Advancing Human Rights after the AAC and the ASEAN Summit
POSTED : 10 May 2015 | CATEGORY : Gagasan | TAGS: Human rights in Southeast Asia, Modern slavery, Rohingya, The 26th ASEAN Summit, The Asian African Conference
Published on The Jakarta Post, May 07, 2015.
As organizers, Indonesia and Malaysia have just successfully held the Asian-African Conference and the 26th ASEAN Summit, respectively.
At the two meetings, ASEAN countries largely discussed economic issues and engaged in almost no conversation about human rights. This is typical for ASEAN — member states historically have not welcomed the idea of enforcing human rights in other member states.
But there is new hope. As a result of the escalating crisis situation for the Rohingya in Myanmar and around the region, at the ASEAN Summit in Kuala Lumpur leaders discussed the possibility of reviewing ASEAN’s commitment to the principle of non-interference in internal affairs.
The discussion was first raised by Malaysian Foreign Minister Dato’ Sri Anifah Aman. He said in a press conference that, since thousands of Rohingya refugees had been fleeing from Myanmar to Thailand, Malaysia and Indonesia, this crisis could no longer be considered an internal issue for Myanmar alone. Therefore, he argued, ASEAN should address the crisis through engagement.
In early April, I visited Myanmar on a fact-finding mission with ASEAN Parliamentarians for Human Rights (APHR).
As a member of APHR, I strongly believe that regional engagement is necessary to address the human trafficking crisis created by the large number of refugees fleeing Myanmar — the highest outflow of asylum seekers by sea in the Southeast Asian region since the Vietnam War.
On the APHR mission, I witnessed first-hand the troubling indicators of potential future atrocity crimes against the Rohingya and other minority communities.
The Rohingya have been described by international aid agencies as one of the world’s “least wanted” and “most persecuted” minorities.
They have suffered from human rights violations under the Myanmar junta since 1978 and have been denied Myanmar citizenship since 1982.
As a result, more than 100,000 Rohingya have fled to neighboring Bangladesh and a number of ASEAN countries. But their misery does not end once they leave Myanmar.
They have experienced human rights abuses in Bangladeshi refugee camps for years and, in 2009, it was reported that the Thai army towed a boatload of 190 Rohingya refugees out to sea after beating them.
The dire situation facing the Rohingya is not the only human rights issue demanding urgent regional engagement, however.
In Indonesia and region-wide we also face the disturbing problem of modern-day slavery in the fishing industry.
An AP report brought the issue to light, revealing a case in which fishing company Pusaka Benjina Resources in Maluku used forced labor and physically abused hundreds of foreign workers, mainly from Myanmar, Laos and Cambodia.
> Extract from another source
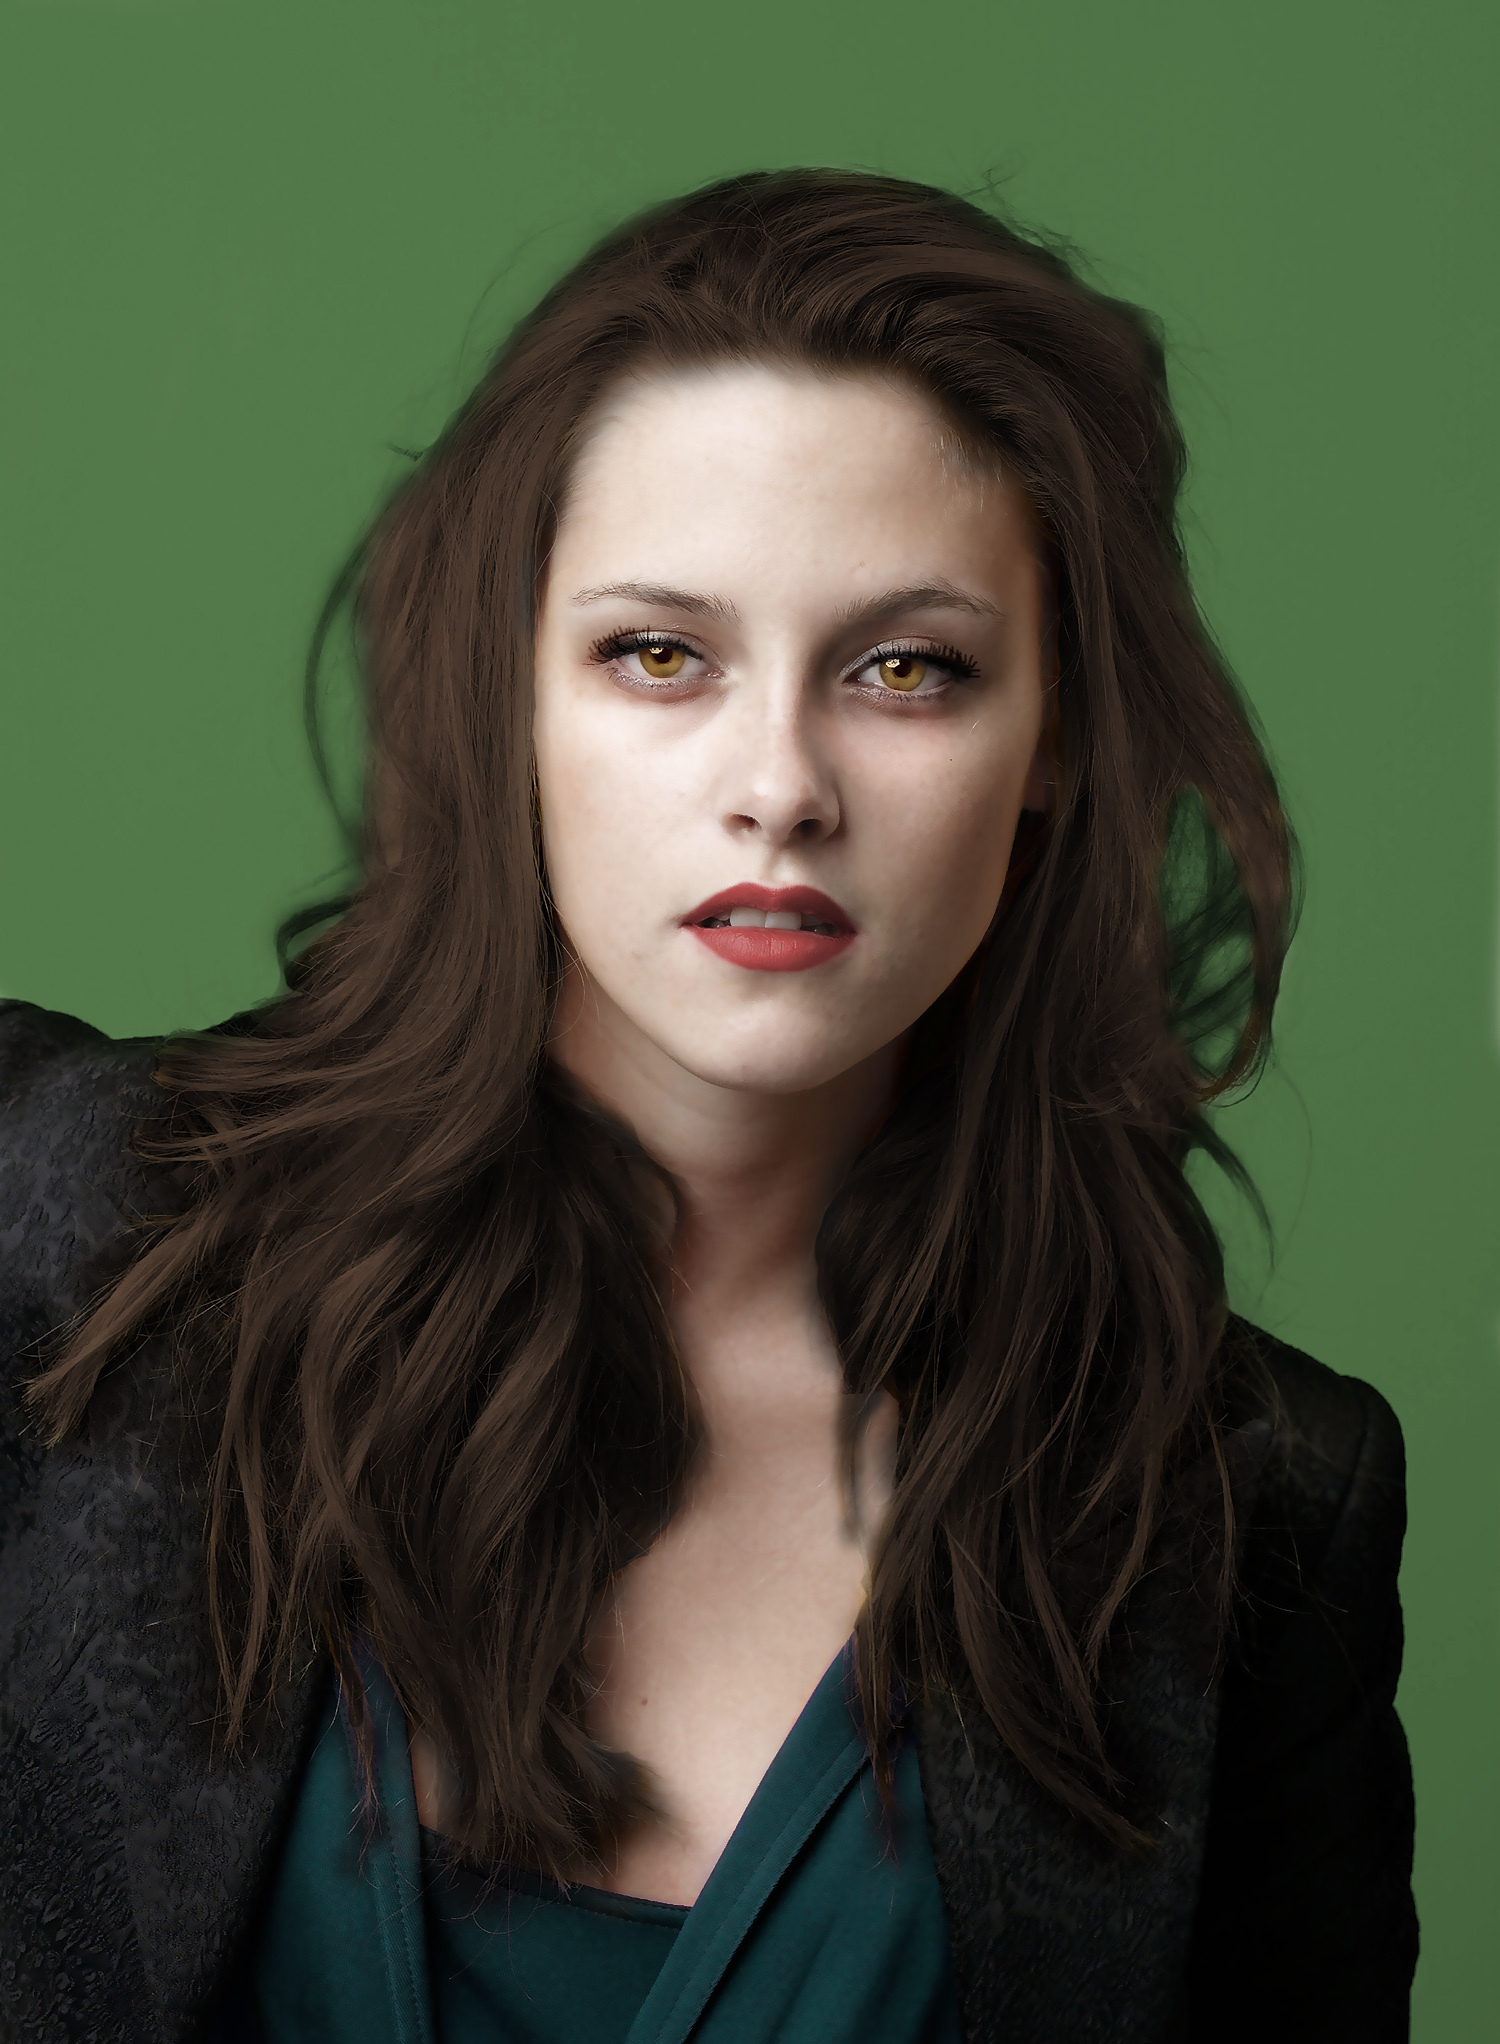 Bella Cullen (Vampire) images bella vamp HD wallpaper and background ... Bella

They were forced to work almost nonstop without clean water or proper food. Some of them were also whipped and even held in cages.
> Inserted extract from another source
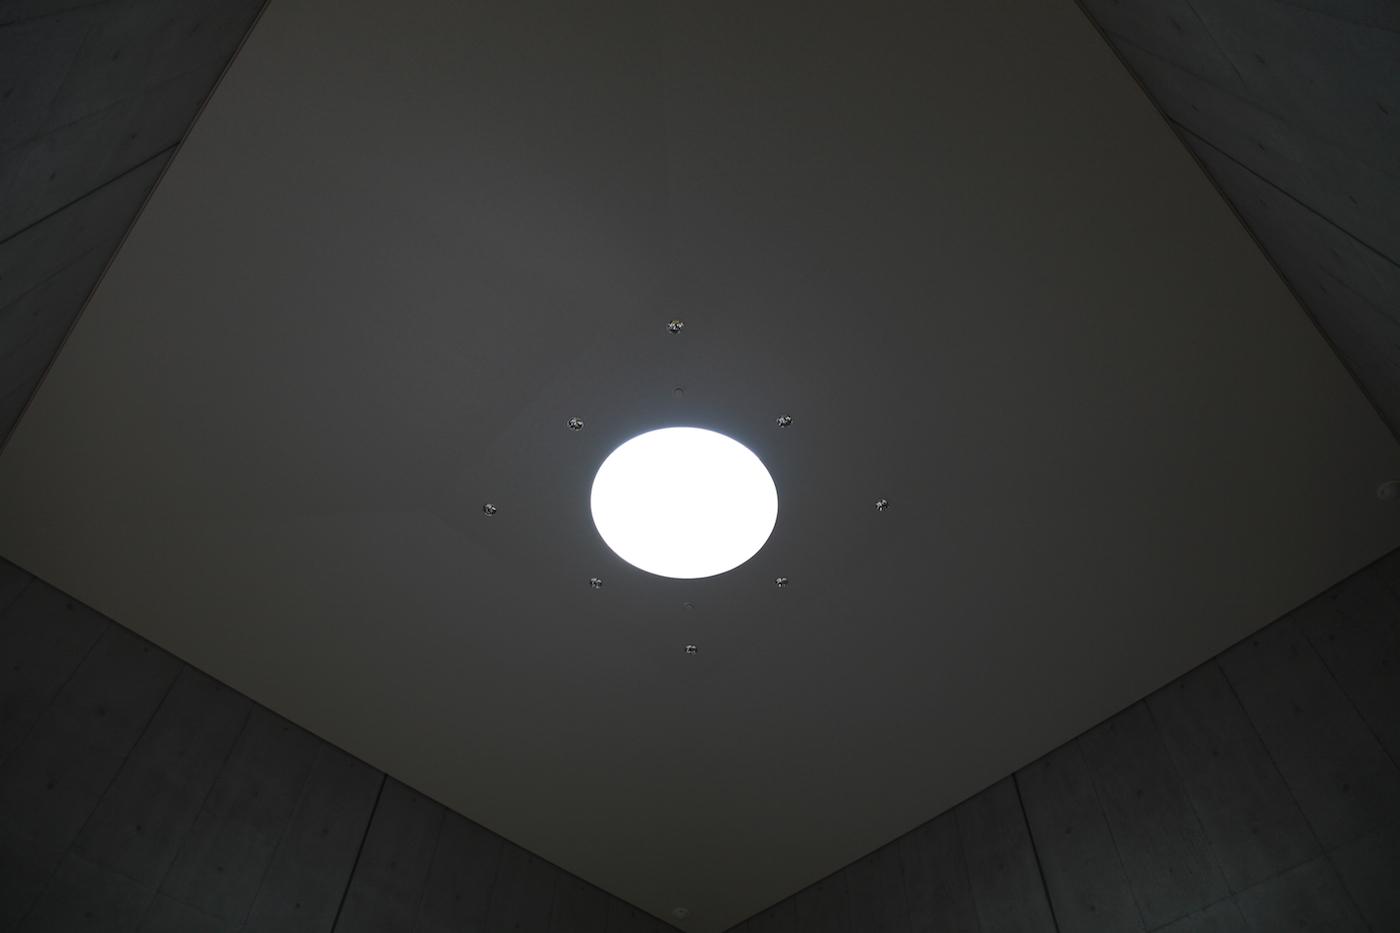 2015 04 05 12

It was also widely reported that Indonesians have been enslaved as well, working against their will on foreign fishing boats operating in the ASEAN region.
These and other human rights issues require regional cooperation. While ASEAN leaders remain steadfast in their rhetorical dedication to non-interference, it should be noted that their commitment to the principle in practice has not been (nor should it be) absolute.
In some cases, ASEAN members have intervened in the internal affairs of others.
For example, Indonesia provided aircraft to the Philippines for anti-insurgency operations in 1986. ASEAN also issued responses to Myanmar calling for the release of political prisoners in 2005 and ASEAN urged the military junta in Yangon to hold a dialogue with Aung San Suu Kyi in 2007.
Moreover, at the international level, individual ASEAN member states have displayed a greater openness to acceding to human rights conventions and have participated in debates on human rights organized by the United Nations, but these moves represent only the first steps.
The Rohingya and slavery issues must be addressed seriously if we want to establish a strong ASEAN Community by the end of 2015.
If we cannot discuss and then act on these urgent problems, how can we achieve an ASEAN Community that promotes regional peace and security and enhances the association’s role as a global player?